Os analistas da XP acreditam que a empresa B3 está sendo negociada a um nível de preço razoável, com o indicador de preço sobre lucro (P/L) de 16 vezes. A corretora tem boas perspectivas para a companhia com base na revisão completa da estrutura de custos e despesas.

Além disso, os analistas destacam a forte geração de fluxo de caixa da B3, um fator importante para a saúde financeira da empresa. A XP mantém a ação B3 no seu portfólio focado em ESG, embora tenha recomendação neutra para o papel B3SA3.

Isso indica uma visão cautelosa, mas ainda assim favorável para o longo prazo.

Recomendações para a Motiva (MOTV3)

Corretoras que indicam a ação

A Motiva, que é o antigo grupo CCR, foi recomendada por três importantes corretoras: BB Investimentos, BTG e XP. Segundo a XP, a empresa pode se beneficiar em 2026 com novos projetos e uma agenda regulatória favorável.

Isso aponta para um horizonte de crescimento futuro. O último ano ficou marcado pela simplificação do portfólio da companhia, que vendeu ativos com desempenho abaixo do esperado, como barcas e aeroportos, e fez melhorias nas demais concessões.

Essa reestruturação pode preparar o terreno para uma fase mais sólida de resultados.

Potencial de valorização apontado para a Motiva

O BTG estabeleceu um preço alvo de R$ 20 para a ação da Motiva. Em relação à cotação atual, esse valor representa um potencial lucrativo de 31,5%, um percentual significativo que atrai a atenção de investidores.

Esse dado reforça o otimismo em torno da empresa, especialmente considerando as mudanças recentes em sua estrutura operacional. A combinação entre a simplificação do portfólio e as perspectivas regulatórias futuras cria um cenário promissor para a valorização do papel.

Contexto do mercado ESG e sustentabilidade

Desempenho em relação ao ISE

O desempenho superior da B3 em relação ao ISE em fevereiro chama a atenção para a força individual da ação dentro do tema de sustentabilidade. Enquanto o índice que reúne empresas com práticas ESG avançadas subiu 3,7%, a B3 valorizou quase três vezes mais.

Isso mostra que pode oferecer retornos atrativos mesmo alinhada a esses critérios. Já a Motiva, com sua trajetória de reestruturação e foco em concessões, se posiciona como uma opção para quem busca exposição a infraestrutura com potencial de ganhos no médio prazo.

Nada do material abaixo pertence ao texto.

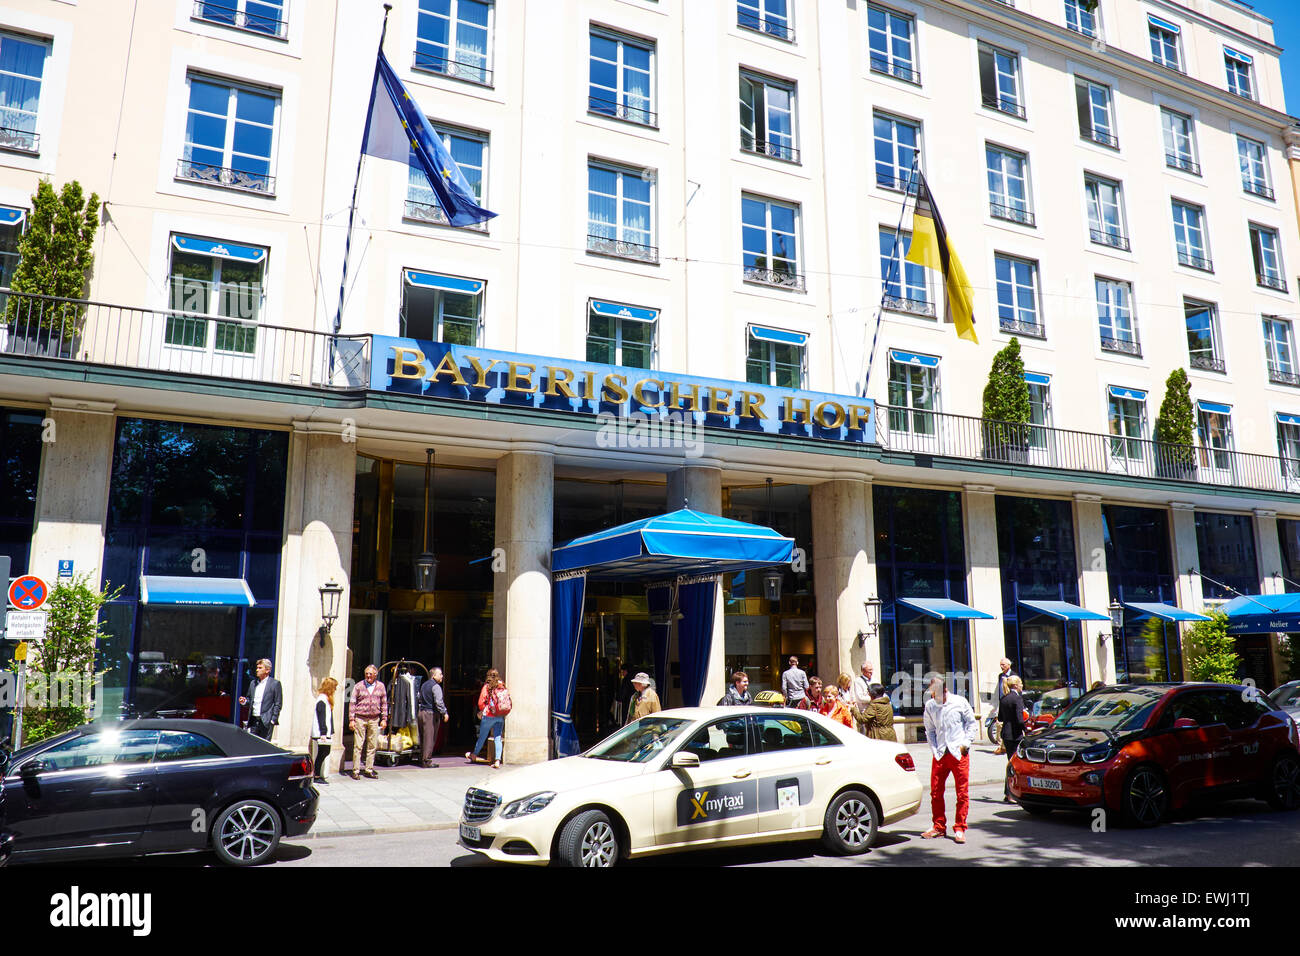 Bayerischer Hof Luxury Hotel Promenadepl Munich Bavaria Germany Stock Photo
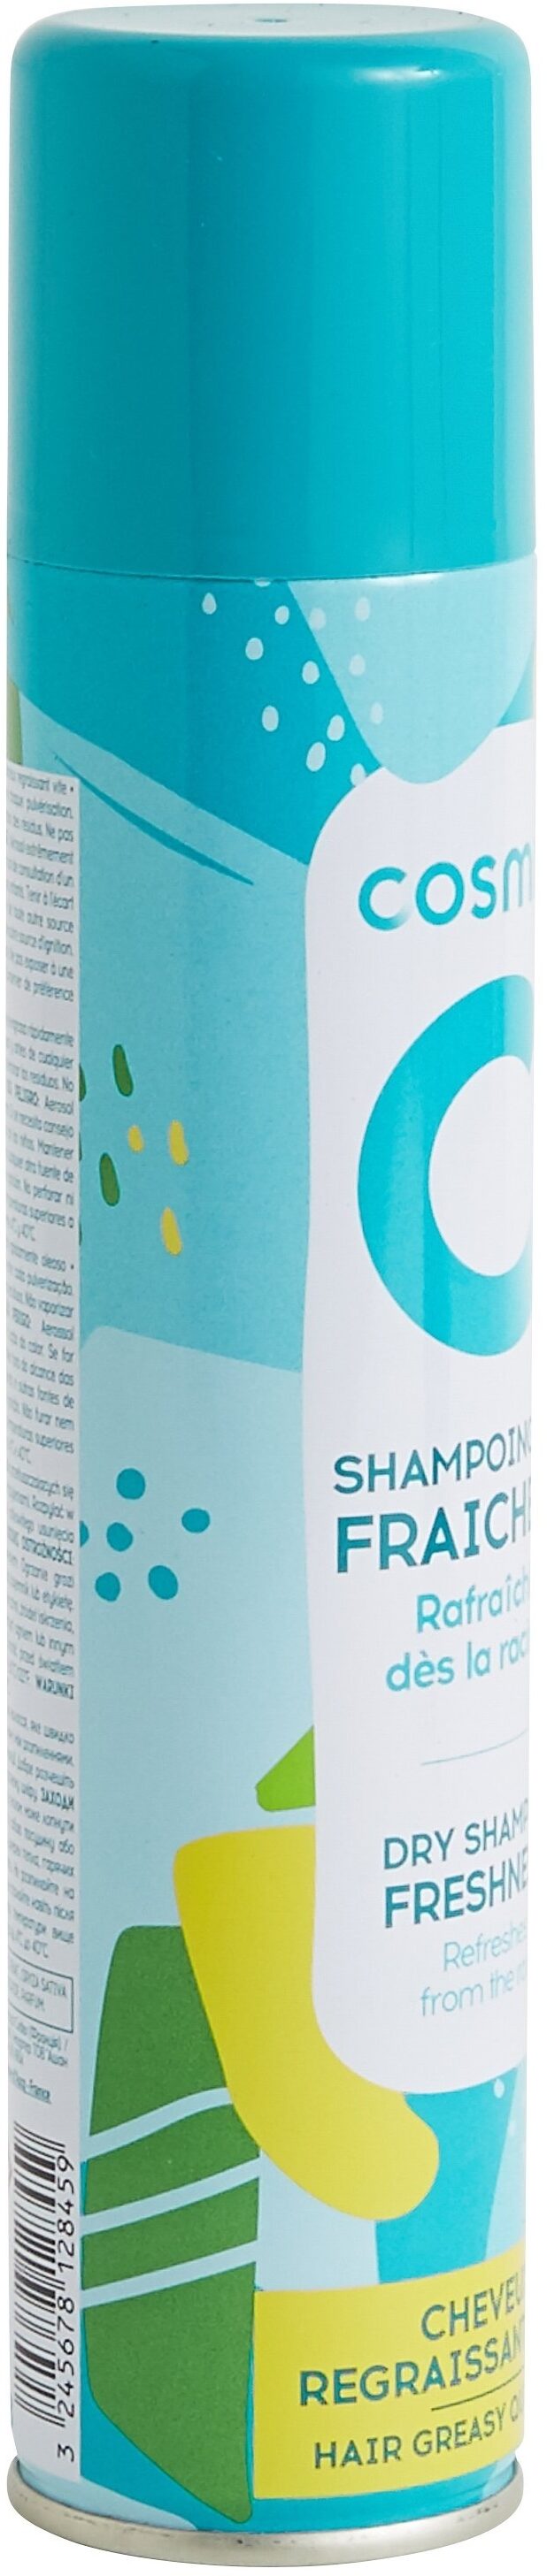 Cosmia - shampoing sec - fraicheur - 200 ml / volume nominal 270ml ? - Product - en

Essa projeção segue as análises das corretoras, mas a fonte não detalhou prazos específicos.

Considerações finais para investidores

As recomendações concentradas em B3 e Motiva refletem uma convergência de opiniões entre analistas de diferentes instituições financeiras. Para a B3, os argumentos giram em torno de:

No caso da Motiva, o foco está na reestruturação concluída e nas oportunidades regulatórias que podem se materializar nos próximos anos. Ambas as empresas aparecem como peças-chave para quem deseja montar uma carteira com viés sustentável.

Elas apresentam, no entanto, perfis de risco e prazo distintos. A decisão final, como sempre, cabe ao investidor, que deve considerar seu perfil e objetivos financeiros.